Whether all the information about the properties (of which there may be billions or infinite depending on how you count) of a human body can be compressed to the same number of bytes as the genome or even the entire DNA is entirely irrelevant, as we know that the DNA is not a compressed description of the phenotype anyway. Still, it would highly surprise me if it were possible.
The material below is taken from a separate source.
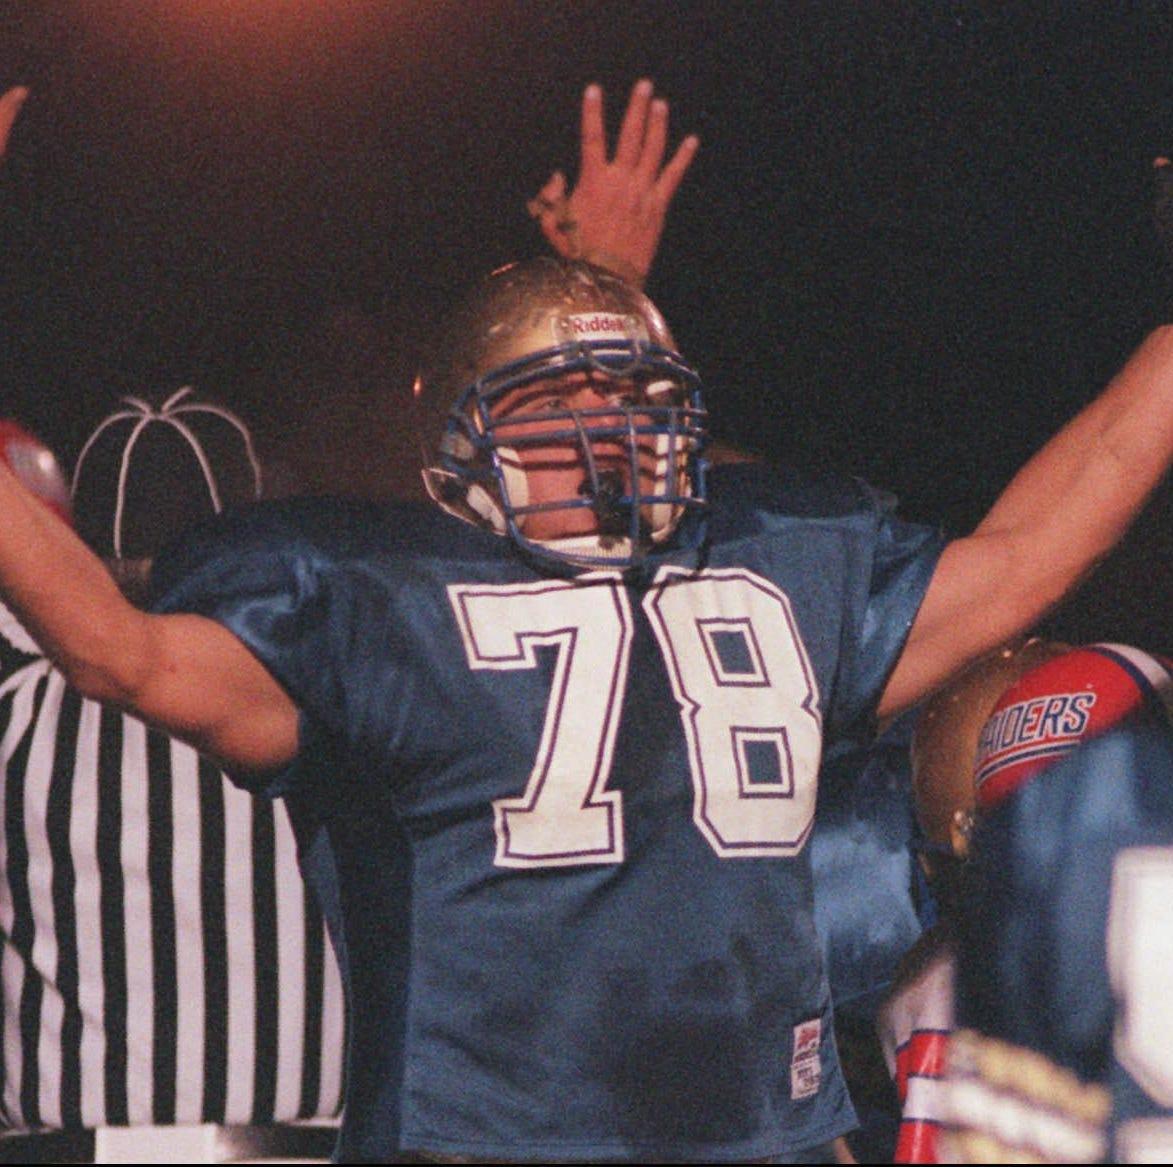 Webster's Matt Schifano celebrates a second-quarter touchdown against Fairport on Oct. 11, 1996.

It just invalidates your argument.
More likely it means that you misunderstand it.

I chose 20.000 instead of 20.000+ in your favor, because the more complexity you assert, the more computing power you would need to brute force the proof.
I fail to see why I would need to brute force the proof anyway, anymore than I would need to brute force the proof that lottery draws are randomised and as a result will be rather difficult to compress. If I can see with my own eyes that a string is not generated by some rigid algorithmic process, I simply do not care whether there is an algorithmic process that can produce the same string.

Not unless it can predict the next winning lottery numbers...
 
Last edited:
Why on earth should biologists restrict their interests to such things?
Please note that I used an "if" there; not a "should" -- though, if pressed, I might try to argue that "biologists" (in the most general sense) start with an interest in understanding organisms (and populations of organisms, and interactions between organisms, and between populations of organisms), their interests in things like cells and genes being primarily means to those ends. Then again, I might not.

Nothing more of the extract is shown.